Consider antimatter, which is what you get when positively charged particles become negative and vice versa. If no significant effects occur, then the system involved has charge symmetry. The laws of physics as we understand them suggest that the very early universe should have had equal amounts of matter and antimatter and then immediately annihilated itself. The fact that this didn’t happen means there was no charge symmetry in the newborn universe – understanding why is one of the biggest tasks in physics.

Matter’s symmetries aren’t just a laundry list of things that are invariant under some change, however. They can relate to each other in ways that produce new symmetries. “There is a series of well-studied particle models whose symmetries live one inside the other, like a set of Russian dolls,” says Nichol Furey at Humboldt University of Berlin. “Symmetries themselves can have symmetries!”

### The explanatory power of symmetry

This richness reflects the importance of the concept in physics. Symmetry has proven particularly useful in developing theories because it is usually an indication that something can be simplified.

That is how we built the standard model of particle physics, which makes sense of matter and its workings. We defined its symmetries and the identity of all the particles it contains. Everything else, such as the dynamics and interactions of all the particles, can be derived from this, says Jonas Lindert at the University of Sussex, UK. “Symmetry is absolutely fundamental to particle physics.”

Physicists are especially interested in symmetries that disappear or “break”. The existence of the quark was predicted thanks to an observation of broken symmetry. And the search for the Higgs boson was motivated by the need to break a symmetry of the early universe in order to account for the mass of the W and Z bosons.
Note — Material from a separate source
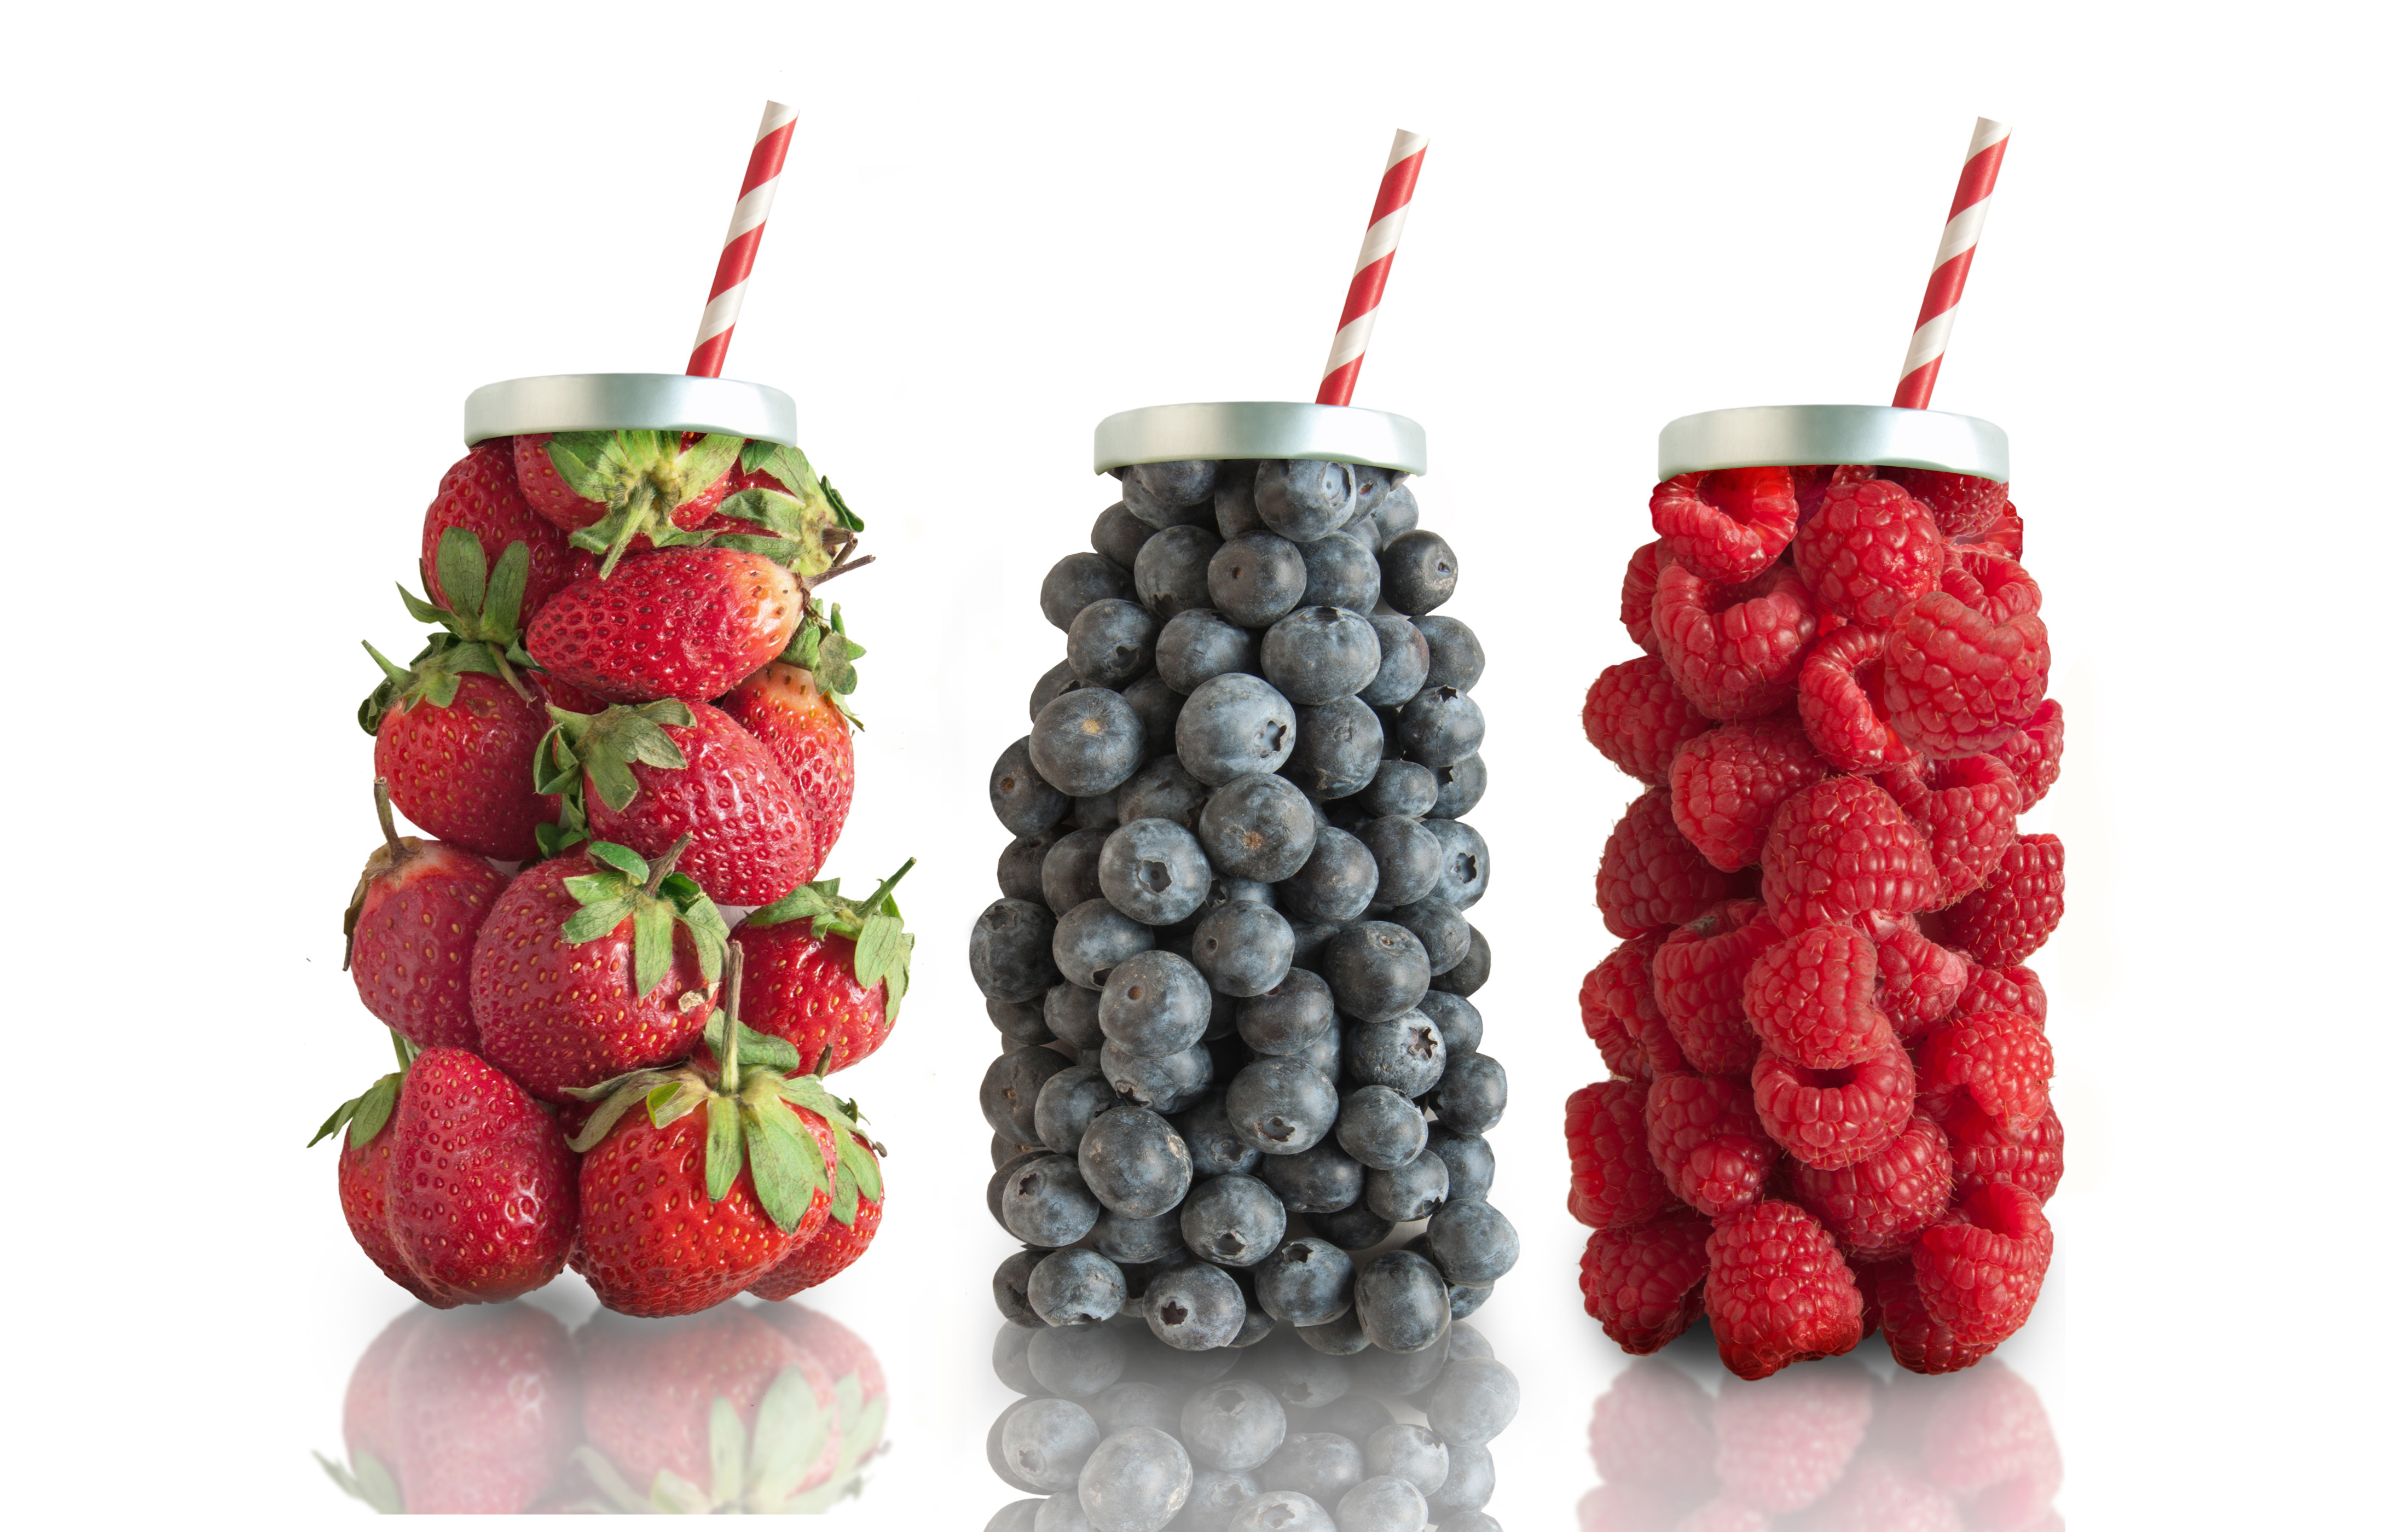 https://www.foodnavigator.com/var/wrbm_gb_food_pharma/storage/images/publications/food-beverage-nutrition/foodnavigator.com/news/science/sugars-reduced-in-berry-fruit-juice-by-up-to-50-using-sugar-reducing-beads/16311400-1-eng-GB/Sugars-reduced-in-berry-fruit-juice-by-up-to-50-using-sugar-reducing-beads.jpg

All of which raises the question: why is symmetry so vital to the universe? Du Sautoy thinks it is an indication of the fundamental role mathematics plays in reality. “My belief is that what we see around us is a physicalised piece of mathematics,” he says.

Whether that is true or not is another debate entirely. But Lindert is confident that symmetry is going to be key to future discoveries in physics. “Symmetry will always be absolutely fundamental in any new theory of nature,” he says.

On that point, Sabine Hossenfelder at the Frankfurt Institute for Advanced Studies in Germany, is more circumspect. Ancient symmetry-centric notions that the planets’ orbits should be circular and modern ideas of supersymmetry, where each known particle should have a hidden partner, haven’t stood up to scrutiny. “Symmetry is sometimes misleading,” she says.